Tutorial
========
Python
------
Model deployment from Python - an easy way Througout this tutorial we are going to build and deploy an Python-Scikit model for online scoring. So, it will be available for quering from other other languages and envornment like R, Java, JS or PHP.
Prerequisites
^^^^^^^^^^^^^
In order to start you need:
#. Python (version 3) with installed:
#. pandas
#. scikit-learn
#. account at ``_
Create Model
^^^^^^^^^^^^
A simple risk classification model will be built based on germancredit dataset::
import pandas as pd
from sklearn.pipeline import Pipeline
from sklearn.impute import SimpleImputer as Imputer
from sklearn import tree
from rtblib.ml import models
url="http://freakonometrics.free.fr/german_credit.csv"
df = pd.read_csv(url)
input_df = df[['Account Balance', 'Payment Status of Previous Credit', 'Purpose', 'Length of current employment', 'Sex & Marital Status']].copy()

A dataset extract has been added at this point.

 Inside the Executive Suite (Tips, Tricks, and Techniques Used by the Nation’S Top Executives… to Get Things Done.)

target = df['Creditability'].copy()
tree_opts = {'min_samples_leaf': 30, 'max_features': None, 'max_depth': 10}
clf = Pipeline([("imputer", Imputer(strategy="mean")), ("model", tree.DecisionTreeClassifier(**tree_opts))])

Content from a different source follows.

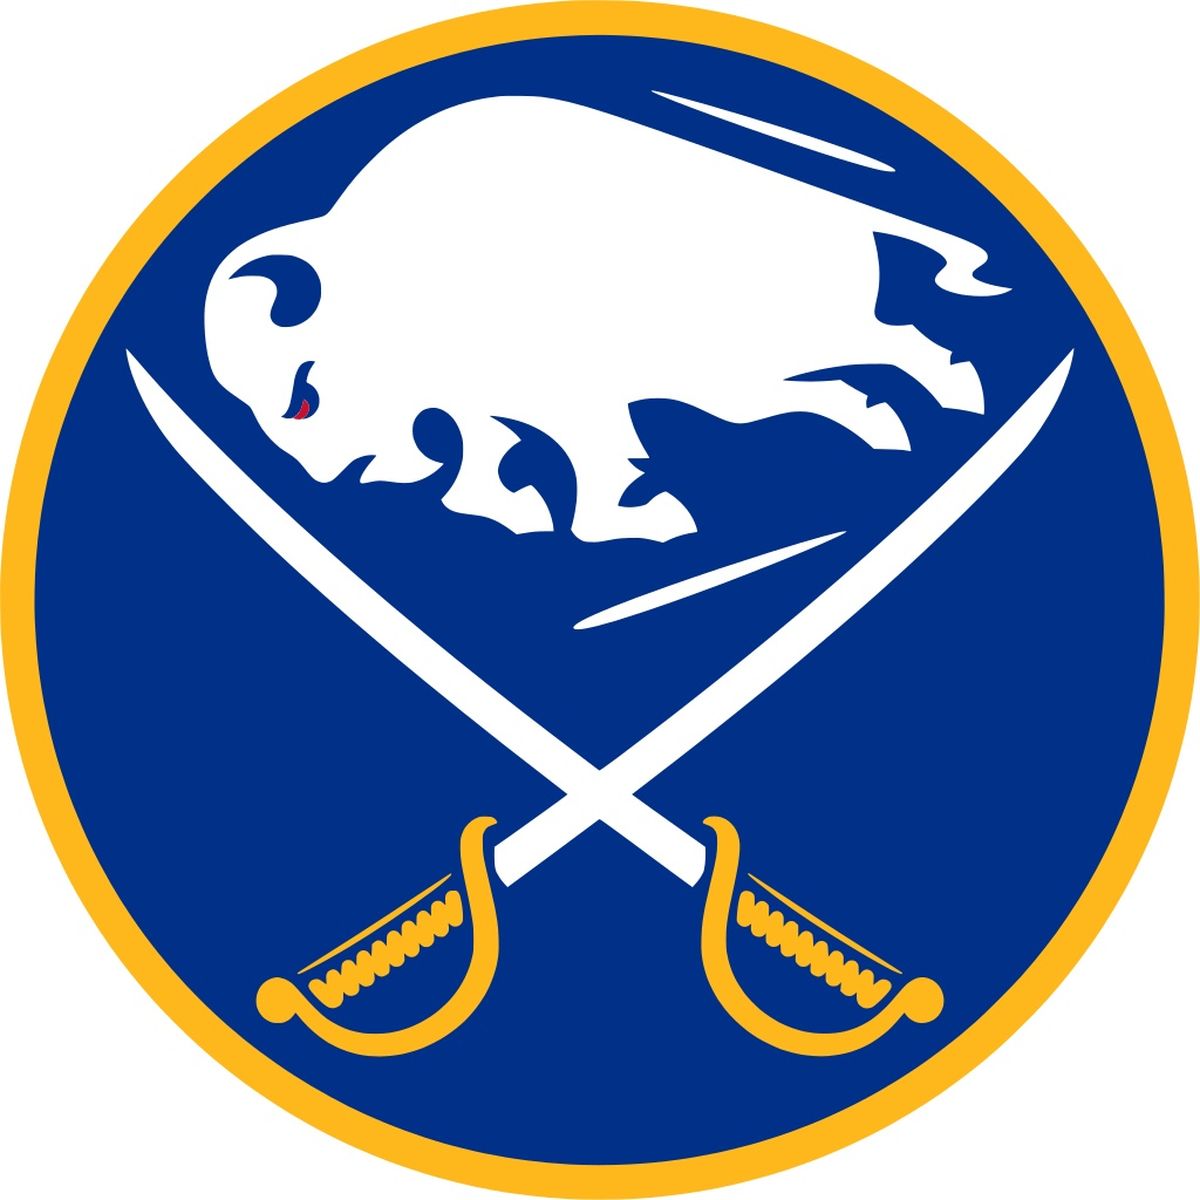 The logo for the Buffalo Sabres NHL team

clf = clf.fit(input_df, target)
mod = models.ModelScikit(clf, list(input_df.columns), 'germancredittree', '1.0', model_type='CLASSIFICATION')
models.save('german_credit_tree.mod', mod)
Deploy Model
^^^^^^^^^^^^
If you haven't created account at scoringduck.com, it's the time to do it here ``_ Now install the Python client::
pip install http://app.scoringduck.com/static/jaga_client-0.0.1-py3-none-any.whl
last lines of output should be similar to::
Installing collected packages: jaga-client
Successfully installed jaga-client-0.0.1
Connect to server and check it works: Log in to your account at app.scoringduck.com, find your token - it is used as third argument during JagaClient object creation::
from jagaclient import JagaClient
jg = JagaClient("http://app.scoringduck.com/","YOUR_USERNAME","YOUR_API_KEY")

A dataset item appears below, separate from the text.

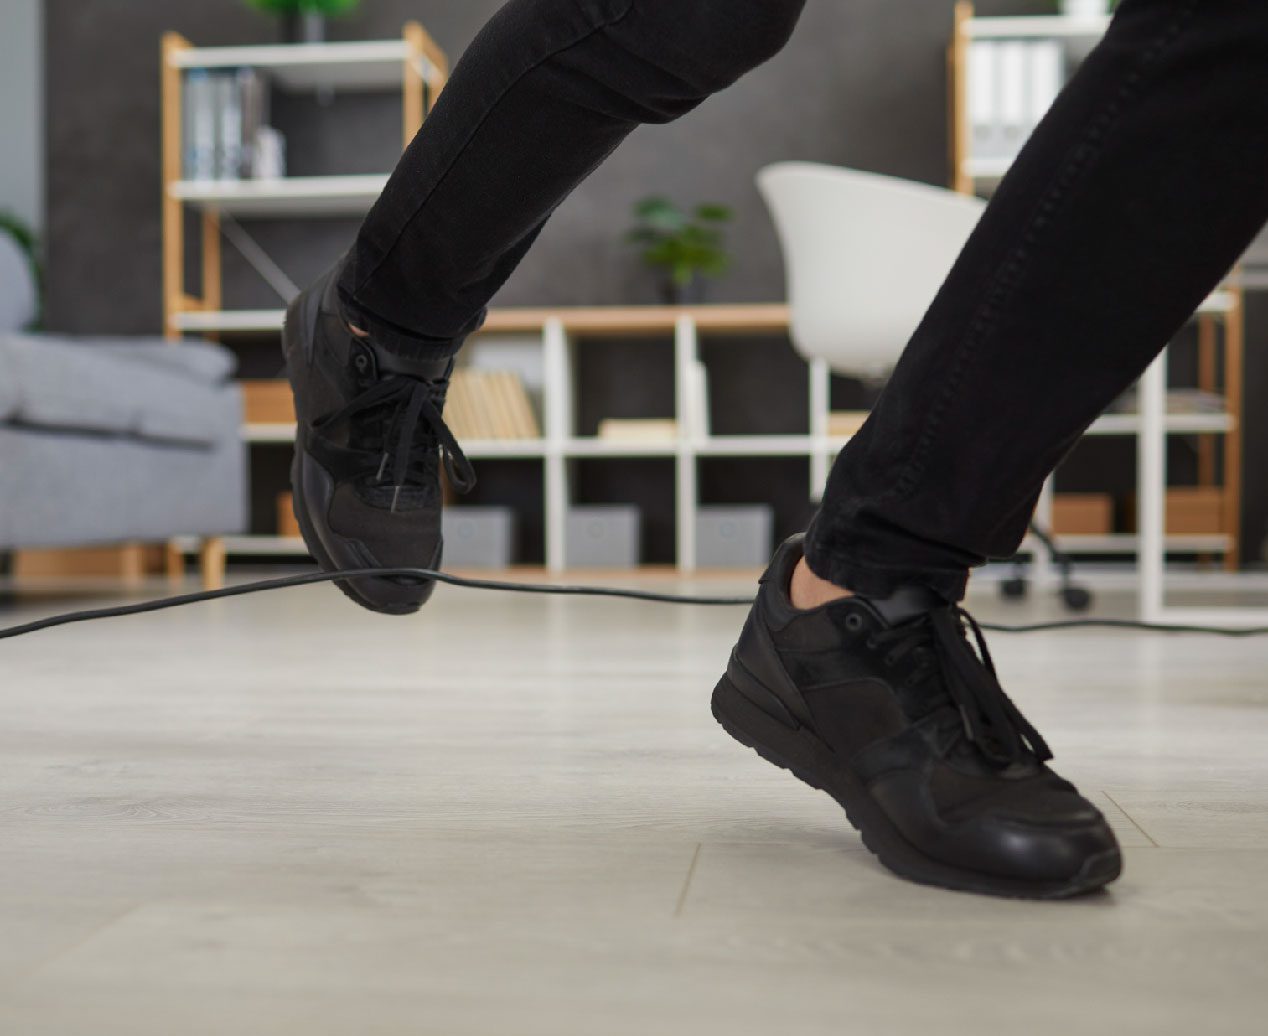 Identifying the Common Causes and Liability in Slip and Fall Incidents

ret_list = jg.list_models()
print(ret_list)
Output is similar to::
[{'name': 'german_credit_logit', 'version': '1', 'modeltype': 'R', 'uploaddatetime': '2020-12-18 11:27:01', 'isdefault': True, 'isarchived': False, 'publicaccess': False}]
There is single model (named german_credit_logit) provided by default during account creation, deploy previously created model::
result = jg.deploy("germancredittree", "1", "german_credit_tree.mod")
print(result)
Output should be similar to::
{'model': 'germancredittree', 'version': '1', 'msg': 'New version of model germancredittree 1 deployed', 'elapsed': 0.10997330000100192}
deploy raises RuntimeError if something went wrong Check it's there::
ret_list = jg.list_models()
print(ret_list)
Output is similar to::
[{'name': 'germancredittree', 'version': '1', 'modeltype': 'Scikit', 'uploaddatetime': '2020-12-18 13:36:05', 'isdefault': True, 'isarchived': False, 'publicaccess': False}, {'name': 'german_credit_logit', 'version': '1', 'modeltype': 'R', 'uploaddatetime': '2020-12-18 11:27:01', 'isdefault': True, 'isarchived': False, 'publicaccess': False}]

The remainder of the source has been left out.